Abstract

This special issue of the Journal of Histochemistry & Cytochemistry highlights the role of fibrosis in the pathophysiology of kidney. The presence of a structural framework for the organization of an organ may not always be obvious; however, it is essential. The arterial supply depends on additional structure to withstand the pulsatile nature of blood flow. The extracellular matrix of basement membranes is equally essential for maintaining the complex juxtaposition of cells to maintain the individual elements of the nephron. Other structural elements of the framework of organs are less obvious but equally important.
Fibrosis is a common but not ubiquitous response to injury. Furthermore, even in those organs that respond to injury, it is commonly but not ubiquitously permanent.
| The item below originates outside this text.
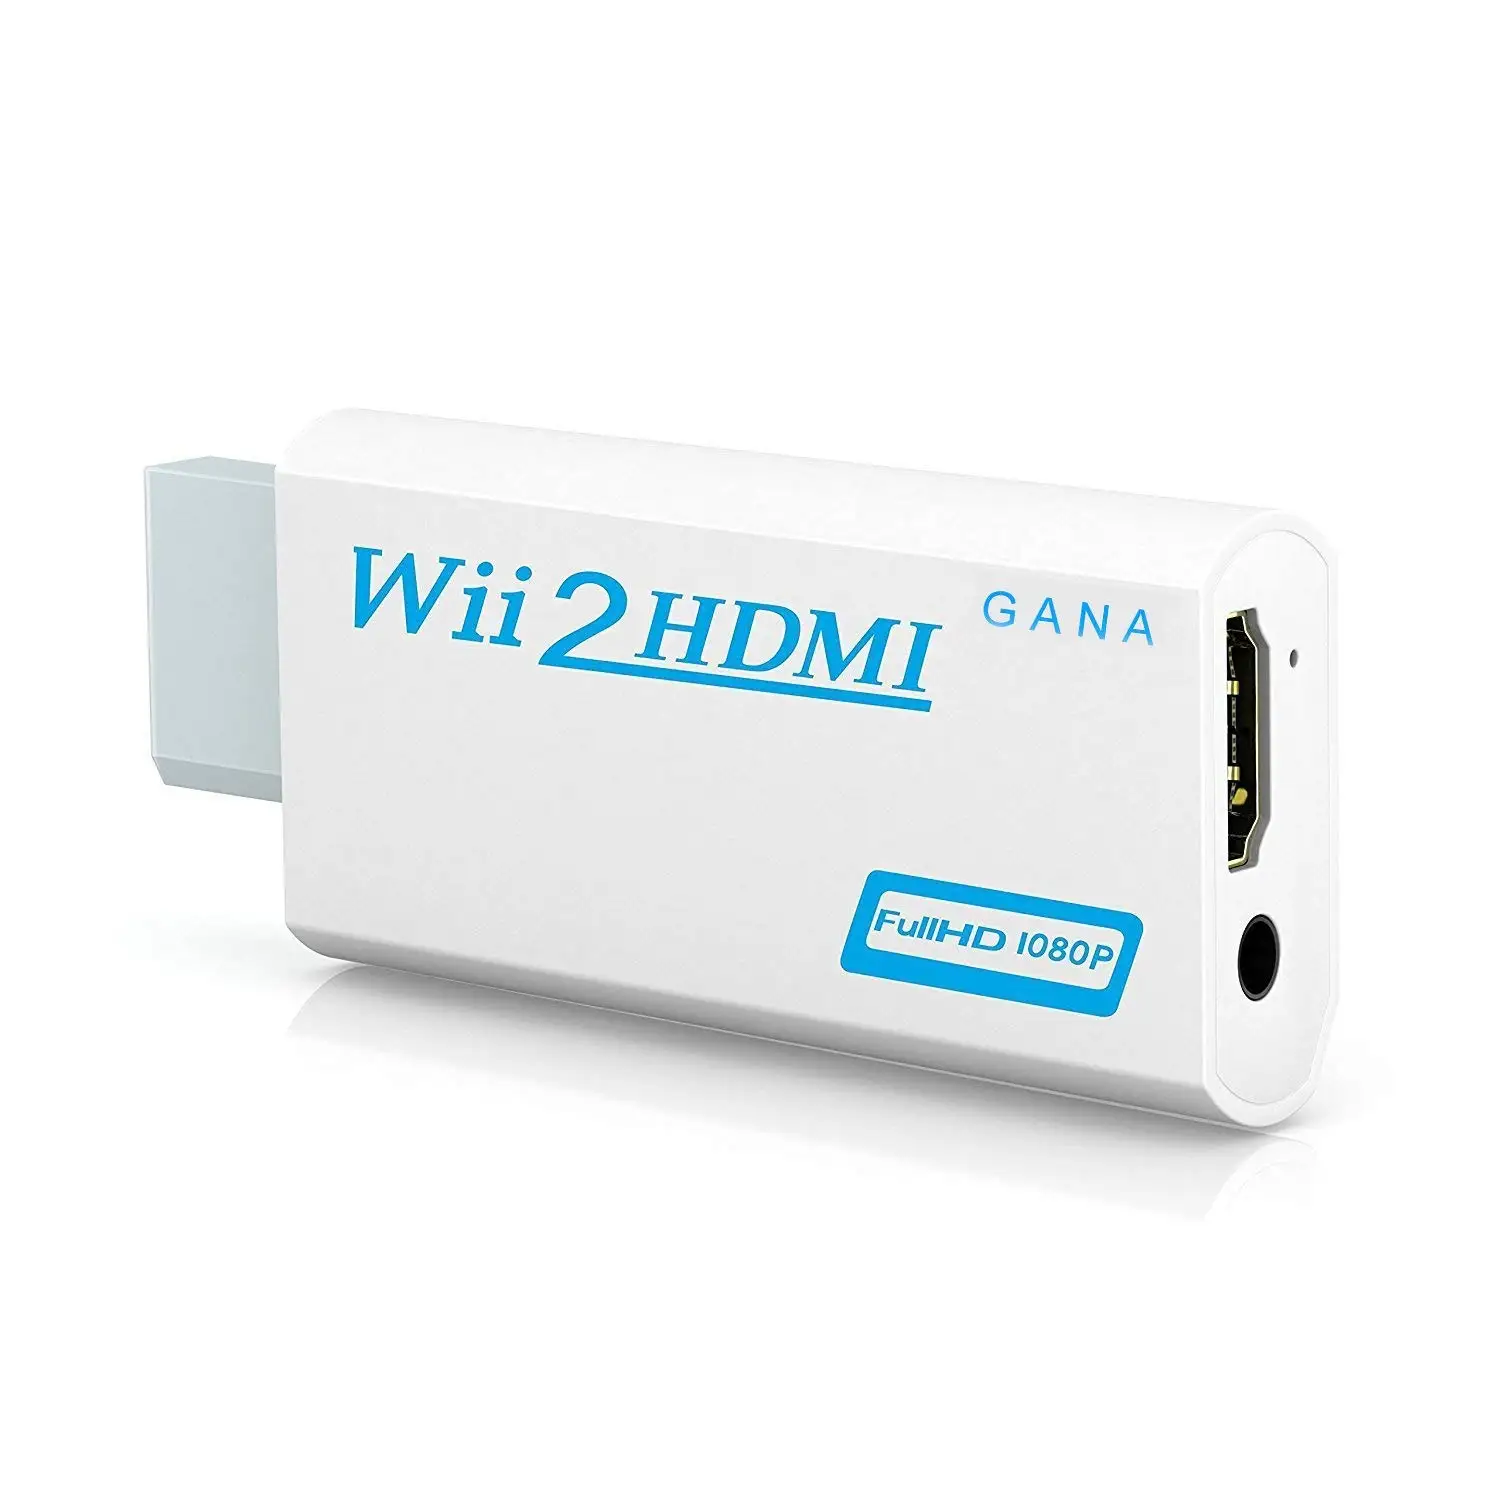 Full HD 1080P wii в HDMI конвертер адаптер wii 2HDMI конвертер 3,5 мм аудио для ПК HDTV монитор дисплей

Injury to the adrenal gland is not characterized by fibrosis. In contrast, fibrosis is a common element of injury to the liver, yet it is reversible when the inciting injury is removed. And last are organs such as the heart, lungs, pancreas, and kidney for which fibrosis is not reversible. In the heart, the fibrosis of ischemia is functionally identical to the fibrosis of wound healing commonly encountered in the epidermis—self-limited and lacking in the inflammatory response that can render the process progressive.
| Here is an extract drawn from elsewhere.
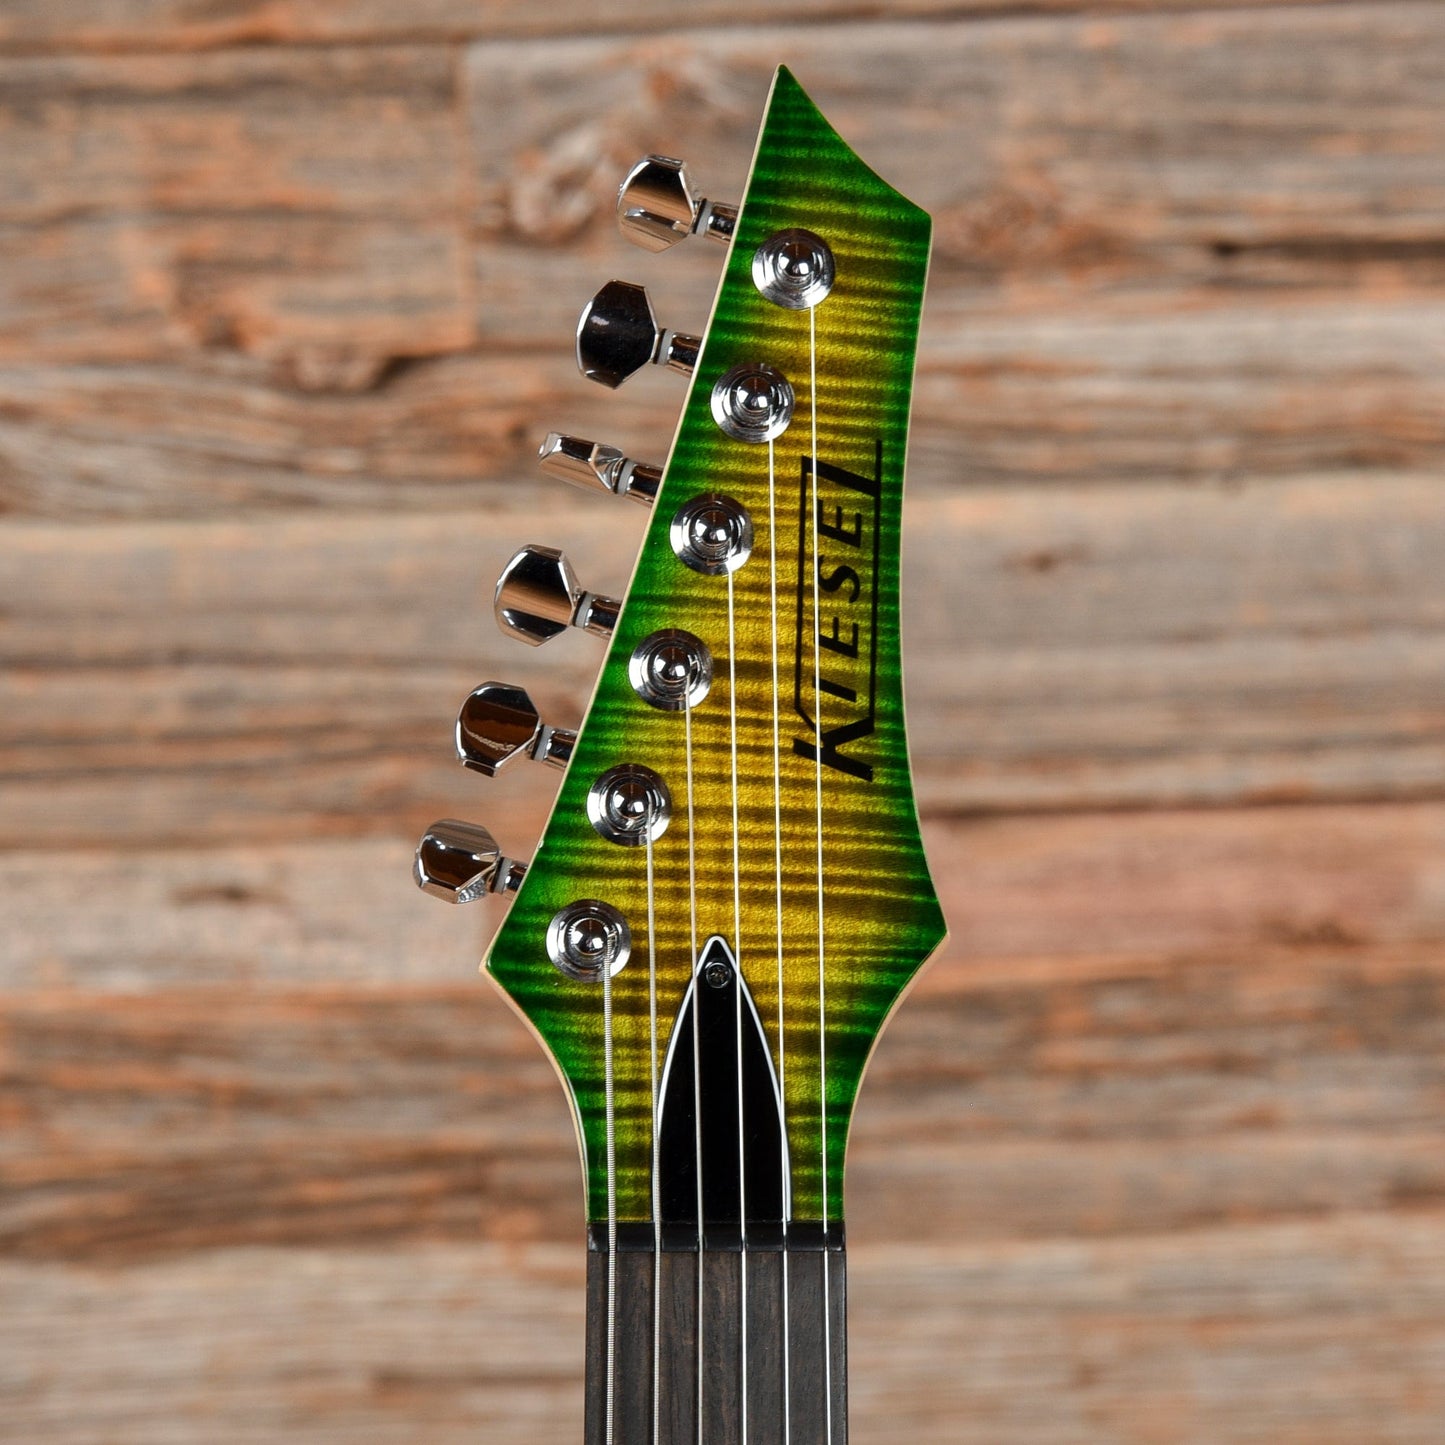 Kiesel Aries Green Burst Electric Guitars / Solid Body

As the articles highlight, fibrosis in the kidney is a complex, dynamic, and destructive process that, once started, will progress at variable rates. Ultimately, fibrosis will result in diminished renal function, but only when the renal reserve is depleted, resulting in chronic kidney disease and variably progressing to end-stage renal disease/renal failure. As these papers highlight, there is no one mechanism, there is no one method of diagnosis, there is no treatment for kidney fibrosis, but there is an active research community. There is also hope.
Biomolecular studies continue to highlight the role of myeloid-derived cells, in concert with B cells and T cells as the bad actors in many forms of fibrosis. Recent studies in immuno-oncology and autoimmune disorders are unwinding the complexity of cell signaling within the hematopoietic system that sets off these injurious cascades. The role of vascular endothelial growth factor (VEGF) and its receptors, as well as other factors associated with angiogenesis, provides insights into the actions of these myeloid-derived cells. And more recently, inhibitors of the JAK/STAT pathway are demonstrating the modulation of these myeloid cells to modify the extracellular milieu associated with this fibrosis.
The extracellular milieu and the cells that contribute to its physiological functions in patterning organs and immune surveillance are now the subject of intense research across organ systems and disease processes. The special issue highlights one segment of this research.